Dreamy Liquidity: Frances Boyle Reads Gwendolyn MacEwen
Gwendolyn MacEwen
Dark Pines Under Water
This land like a mirror turns you inward
And you become a forest in a furtive lake;
The dark pines of your mind reach downward,
You dream in the green of your time,
Your memory is a row of sinking pines.
Explorer, you tell yourself, this is not what you came for
Although it is good here, and green;
You had meant to move with a kind of largeness,
You had planned a heavy grace, an anguished dream.
But the dark pines of your mind dip deeper
And you are sinking, sinking, sleeper
In an elementary world;
There is something down there and you want it told.
and Gwendolyn MacEwen Volume One: The Early Years, Exile Editions, 1993)
Frances Boyle writes: Gwendolyn MacEwen’s “Dark Pines Under Water” has long been one of my favourites but I at first hesitated to claim it. The poem has been so extensively anthologized and analyzed that I assumed everyone must be familiar with it.
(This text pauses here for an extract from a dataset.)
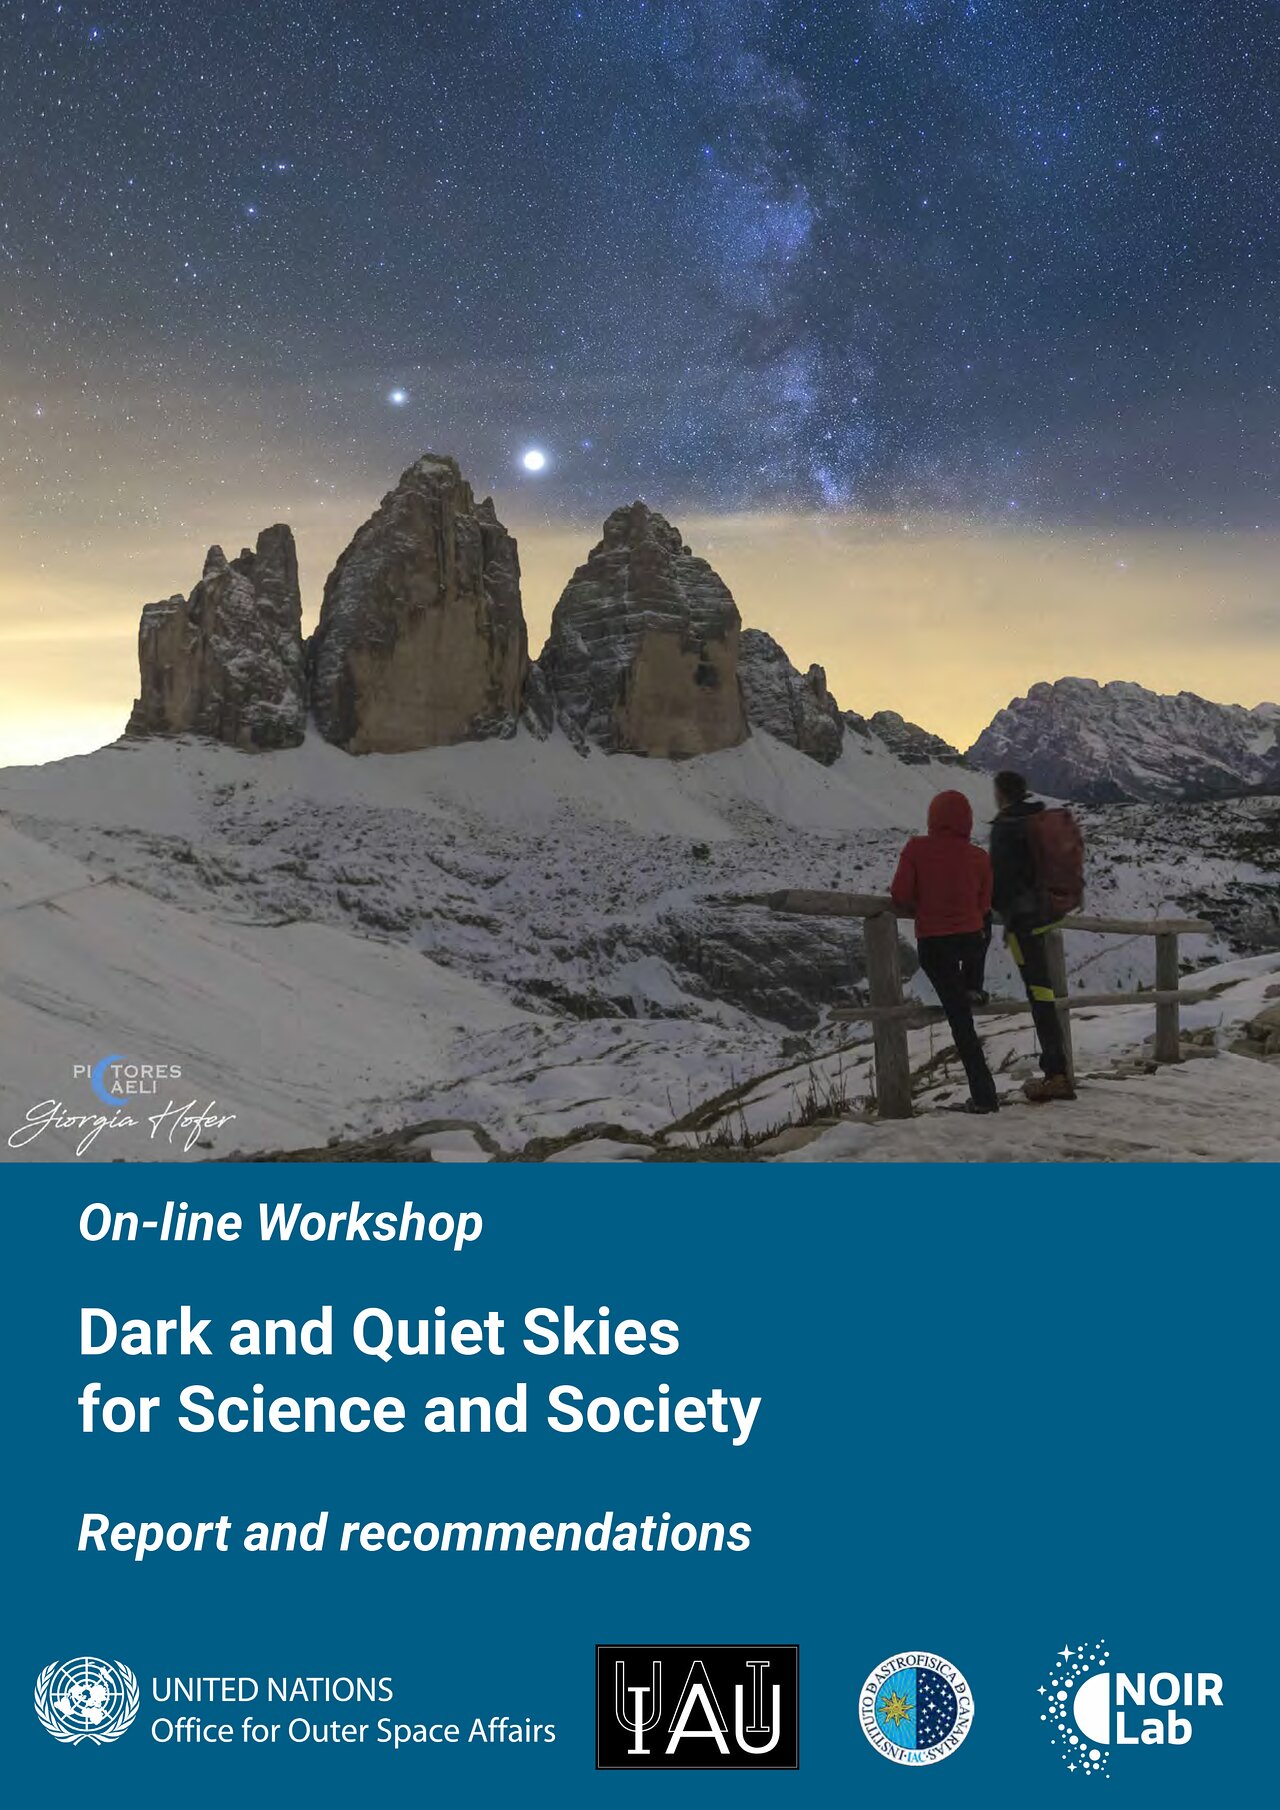 DQSkies for Science and Society. Report (PDF)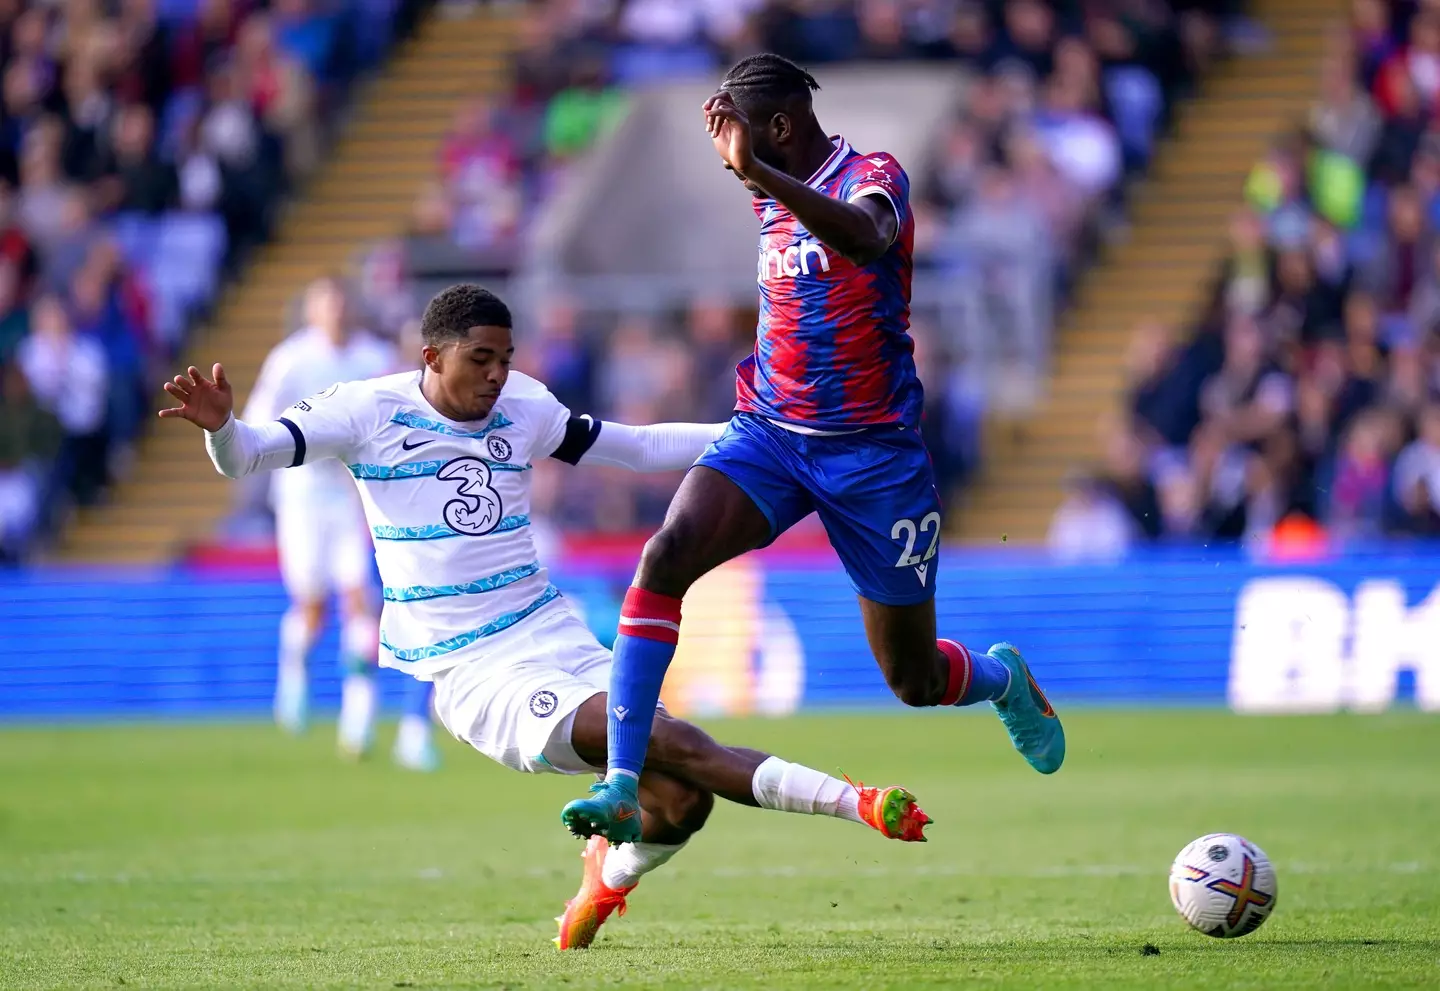 Chelsea's Wesley Fofana (left) and Crystal Palace's Odsonne Edouard battle for the ball during the Premier League match at Selhurst Park, London.

But, when a thread on Twitter earlier this year highlighted three of MacEwen’s poems as “Forgotten Good Poems”, I realized that collective memory can be short, and that it’s worth re-focusing attention on formative poems.
Among all the compelling elements of “Dark Pines Under Water”, for me the passionate insistence of the last line and its probing of mystery remains the most resonant. MacEwen’s luxurious imagery coalesces in the urgency of the truth-seeking.